The Gulf of Mexico Oil Spill. Ghada Al Maadeed 9D
Introduction The 2010 Gulf of Mexico oil spill has been described as the worst environmental disaster in US history. On the 20th April, the Deepwater Horizon rig blew up killing eleven workers. The subsequent oil spill affected hundreds of miles of Gulf coastline, causing serious economic damage to the region, both in terms of tourism and fishing. The oil spill flowed continuously for three months! It is till nowadays; the largest accidental marine oil spills in the history of the petroleum industry! Its impact still continues even after the well was capped. Its effect is still a problem till these days despite efforts to stem the leak and contain the oil on the surface, the slick has spread, threatening wildlife and closing down thousands of sq miles to fishing.
Problem The spill stemmed from a sea-floor oil gusher called The Deepwater Horizon that exploded in April 20, 2010 when methane gas from the well, under high pressure, shot all the way up and out of the drill column , expanded onto the platform, and then ignited and exploded. Efforts by multiple ships to stop the flames were unsuccessful. After burning for approximately 36 hours, the Deepwater Horizon sank on the morning of April 22, 2010.The oil flowed continuously for three months till July 15 when the leak got stopped by capping the gushing wellhead, after it had released about 4.9 million barrels crude oil before it was capped!
Effects of the problem There are social, economic and environmental consequences of the Gulf of Mexico oil spill. It has a great impact on tourism, fisheries, wildlife and the health risks to those involved in the clean up operation. The disaster has caused massive environmental damage for hundreds of miles along the US coast. It caused massive damage to marine and wildlife habitats as well as to the Gulf's fishing and tourism industries. A huge area of the Gulf was closed to shrimping after tar balls were found in shrimpers' nets and fishing boats. Scientists have also reported immense underwater plumes of dissolved oil that were not visible at the surface, as well as an 80-square-mile "kill zone" surrounding the blown BP well where everything looked dead on the seafloor. Even the birds around there suffered. The oil penetrated into the structure of their bodies, reducing its insulating ability, thus making the birds more vulnerable to temperature fluctuations and much less buoyant in the water.
It also impaired their flight abilities to escape from predators. When oil covered their feathers, it caused kidney damage, altered liver function, and digestive tract irritation. In addition to all that, the spill is still causing big pollution problems like polluting the air and people not being able to go on the beaches.
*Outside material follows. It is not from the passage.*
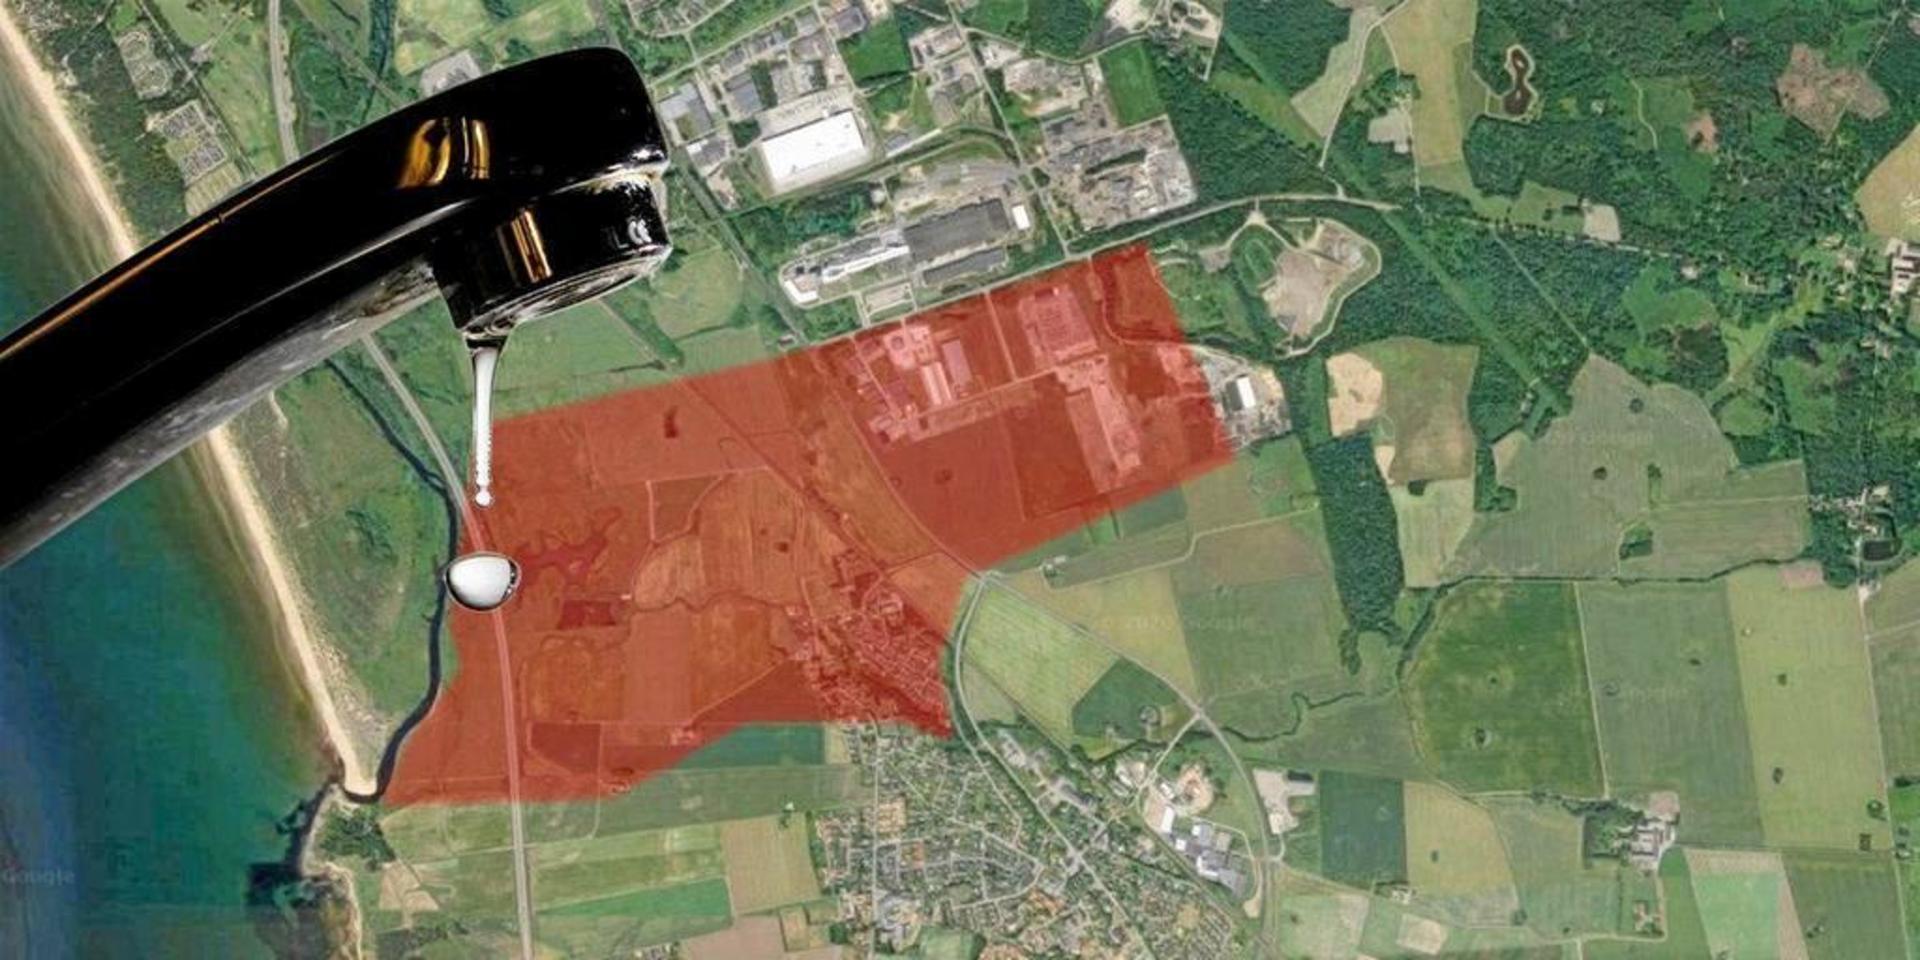 I september gick Halmstads kommun och länsstyrelsen i Halland ut med en varning om PFAS-föroreningar. Ett område sydväst om Kistinge industriområde misstänktes vara påverkat av ämnena och boende avråddes från att använda egna brunnar.

Solutions Oil giant BP has acknowledged its absolute responsibility for cleaning up a huge oil spill after the explosion of its well. Emergency teams are using several methods in attempts to deal with the huge spreading oil at the surface, which has created a slick covering about 2,000 square miles. More than 275 vessels, including, skimmer ships, tugs, recovery vessels, floating containment booms, anchored barriers, sand-filled barricades along shorelines, and dispersants were used in an attempt to protect hundreds of miles of beaches and wetlands. A giant concrete-and-steel funnel has been placed over a blown-out oil well at the bottom of the Gulf of Mexico so that the oil leak can be contained
Also, another company was contracted to drill the well and dispersant chemicals were used down at the leak site as well as on the surface to deal with that problem. These chemicals, rather like soap, are being sprayed from ships and aircraft in an effort to help break down the oil. Another method used to tackle oil spills is burning - although it can be tricky to carry out and has associated environmental risks such as toxic smoke. Both industry and government have also taken numerous steps to improve safety since the incident. Also, the federal government swiftly imposed new regulations on the offshore drilling industry after the spill.
In addition to these steps, an internal affairs unit to expose improper relationships between companies and regulators was established. It has vowed to improve inspections and has issued new rules for new drilling proposals that have to undergo more thorough environmental reviews to meet new safety standards that apply to all deep-water operations. Thus, a massive operation is under way in and around the Gulf of Mexico to halt the leak from a blown-out oil well, prevent the spread of the slick and clean its mess. All that clean up business had cost enormous amounts of money. Economically the financial scale of the disaster was revealed, with the US Government asking for at least $20 billion compensation from BP. This led to a dramatic drop in the share price of the company.
Thankfully, British Petroleum (BP) has finally capped the leaking well that has expelled millions of barrels of oil into the Gulf of Mexico. According to the BBC, a pressure test showed a cement plug put in place by BP to permanently "kill" the well was holding. Hopefully, this environmental disaster will be completely solved soon and life can go back to normal there. Oil is essential for modern life and it is the basis for petrochemicals industry.